We covered the steps in the Waste Water Treatment plant and how communities have implemented waste water to drinking water programs. Students shuddered by the thought of former toilet water making its way back into the faucet, but realized at some point that reality requires this and it is ultimately cheaper than ocean water desalination.
And learning about the marketing hoax of bottled water was the true eye-opener for students. Can you imagine 7th graders coming up to express thanks for teaching them about water? Well, it was heartwarming and truly special!
It was blistering cold, but that did not stop a group of very motivated New Rochelle Middle school students from pitching in at New Rochelle’s Five Island Park.
As part of the Junior Honor Society service hour requirements these upstanding kids donned gloves and started picking up trash. A real treasure trove, one might add. Tires, a tricycle, endless bottles and Styrofoam cups were bagged.
Sonia Morris and Stella Giordano, both 8th graders, decided to do it the hard way and chose the breakers as their spot to clean up. Climbing the boulders and reaching into crevices to dislodge the bottle was great fun and one nearly forgot about the ears that froze off in the wind chill.
It was a humbling experience to see just the amount of garbage within the rocks, and the yards and yards of discarded fishing line, entangled around things.
2 hrs later, 4 filled bags of trash and a donut in one hand, both recalled that it was hard work but also very rewarding, and they both felt good about giving up their weekend morning to make a difference.
Last night about 300 of New Rochelle’s parents had a chance to stroll in the festively decorated lunchroom of Albert Leonard Middle School to view lots of silent auction item as well as tasting delicious fare from fabulous New Rochelle restaurants.
The annual ALMS PTSA fundraiser “Taste of New Rochelle” was a relaxing place to meet and greet parents we only get to see on our (hurried) way to drop off or pick up our kids.
Last night marked also the first time that this event was source separated to mirror what the students are doing in the lunchroom.
Parents had the opportunity to sort their waste into “Food & Paper” and “Commingled Recycling” and they all did it with gusto and flawlessly. Anna Giordano, Executive Director of We Future Cycle, the not-for-profit organisation that was hired to bring extensive sustainability programs to the district was there to help at the station and to share the fabulous results achieved in all the schools since the inception of the program. ALMS has reduced its lunchroom waste by a whopping 95%, its building waste by a good 50% and its kitchen waste by 65%. All in all, that is about 450 lbs of garbage NOT generated every day, and that just from one of the 9 participating New Rochelle schools.

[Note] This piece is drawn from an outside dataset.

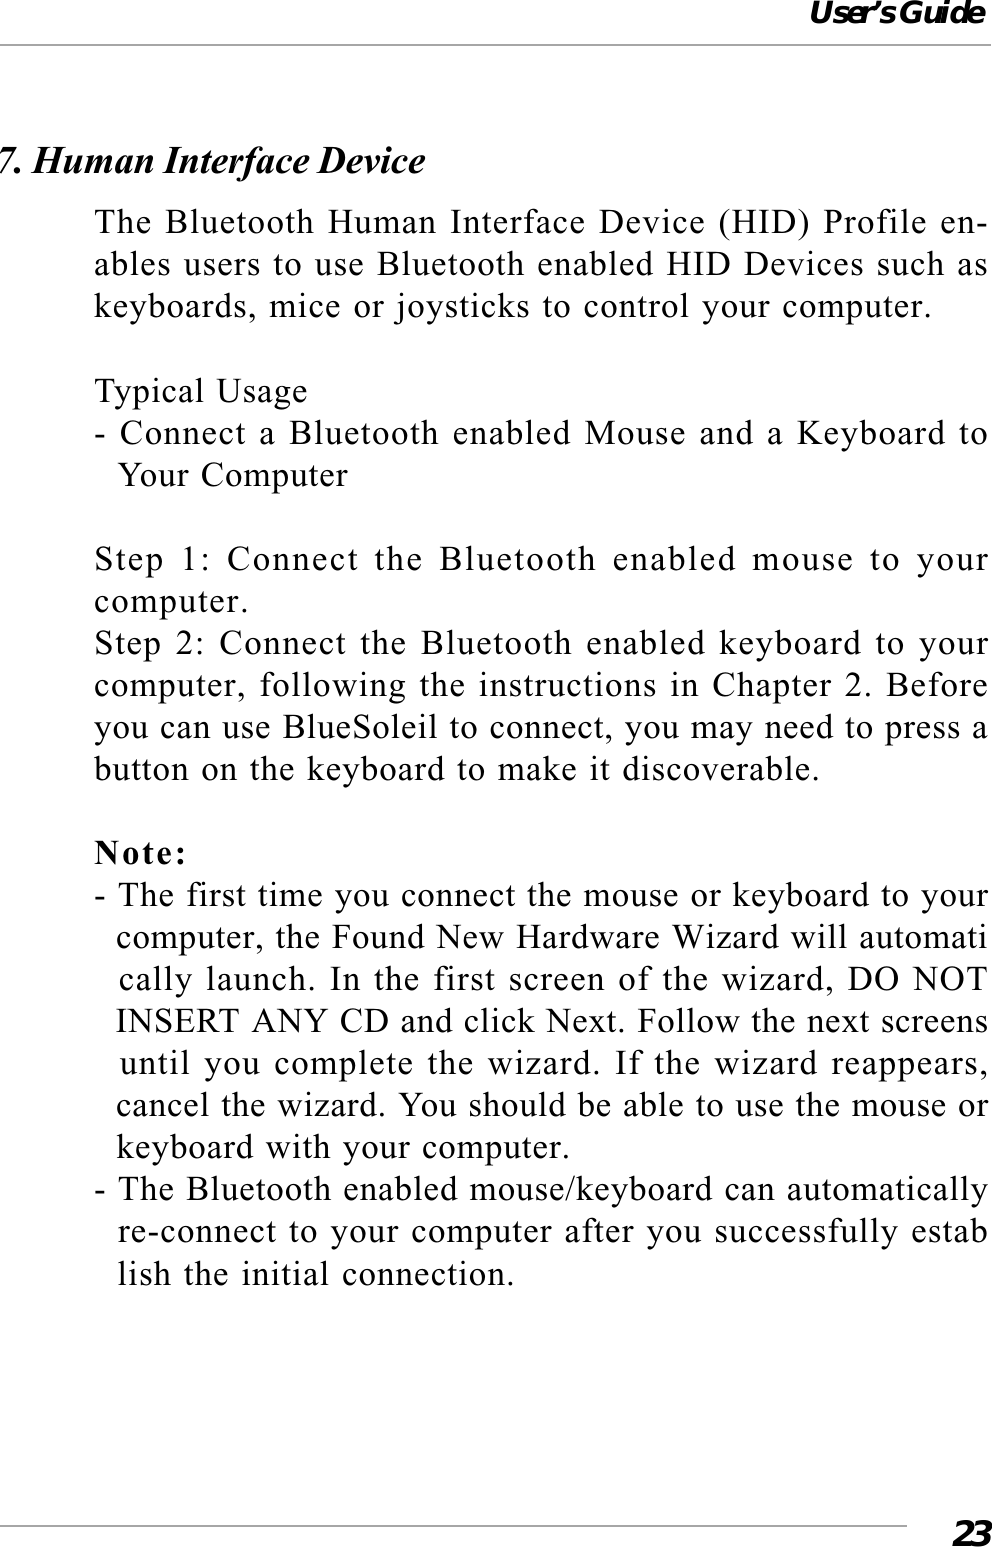 User’s Guide237. Human Interface DeviceThe Bluetooth Human Interface Device (HID) Profile en-ables users to use Bluetooth enabled HID Devices such askeyboards, mice or joysticks to control your computer.Typical Usage- Connect a Bluetooth enabled Mouse and a Keyboard to  Your ComputerStep 1: Connect the Bluetooth enabled mouse to yourcomputer.Step 2: Connect the Bluetooth enabled keyboard to yourcomputer, following the instructions in Chapter 2. Beforeyou can use BlueSoleil to connect, you may need to press abutton on the keyboard to make it discoverable.Note:- The first time you connect the mouse or keyboard to your  computer, the Found New Hardware Wizard will automati  cally launch. In the first screen of the wizard, DO NOT  INSERT ANY CD and click Next. Follow the next screens  until you complete the wizard. If the wizard reappears,  cancel the wizard. You should be able to use the mouse or  keyboard with your computer.- The Bluetooth enabled mouse/keyboard can automatically  re-connect to your computer after you successfully estab  lish the initial connection.

Thanks to the program, New Rochelle School District was able to revamp its waste management system and save considerable funds. Carl Thurnau, the Director of Facilities for the district has just quantified it at the ongoing budget meetings with an annual savings of $130,000.
And of course, Westchester County is benefiting from the increase of recyclables delivered to the Material Recovery Facility near Stew Leonards. Recyclables are commodities that are sold back to industry for considerable prices.
ALMS Taste of New Rochelle generated 3 large bags of recyclables, one bag of food waste for composting, and only about 2 lbs of trash, mainly Styrofoam products.
Meet Ben and Nate. These engaged 6th graders made an appointment with the New Rochelle Albert Leonard Middle School Principal John Barnes to discuss the need for additional changes in the lunchroom. Both students fully support the We Future Cycle recycling program but want to see it go even further.
Armed with plastic wrapped apples, plastic wrapped cookies, Styrofoam FroYo cups and single serve ketchup pouches they made their case. Reading from their research notes they presented Mr Barnes with facts about plastic in the environment as well as the now documented health risks associated with consuming food that touched the polystyrene.
Mr Barnes invited the Executive Director Anna Giordano to the meeting to give the students the opportunity to hear what is already in the works in regards to these materials. Ms Giordano was delighted to meet these engaged students and shared that exactly these materials are on her list to be replaced with more environmental solutions.
Nate and Ben were invited to share their concerns in writing with the administration and they are now working on a letter to formally request the removal and replacement of these packaging items.
Mr Barnes was exceedingly proud of his students and rightly so!.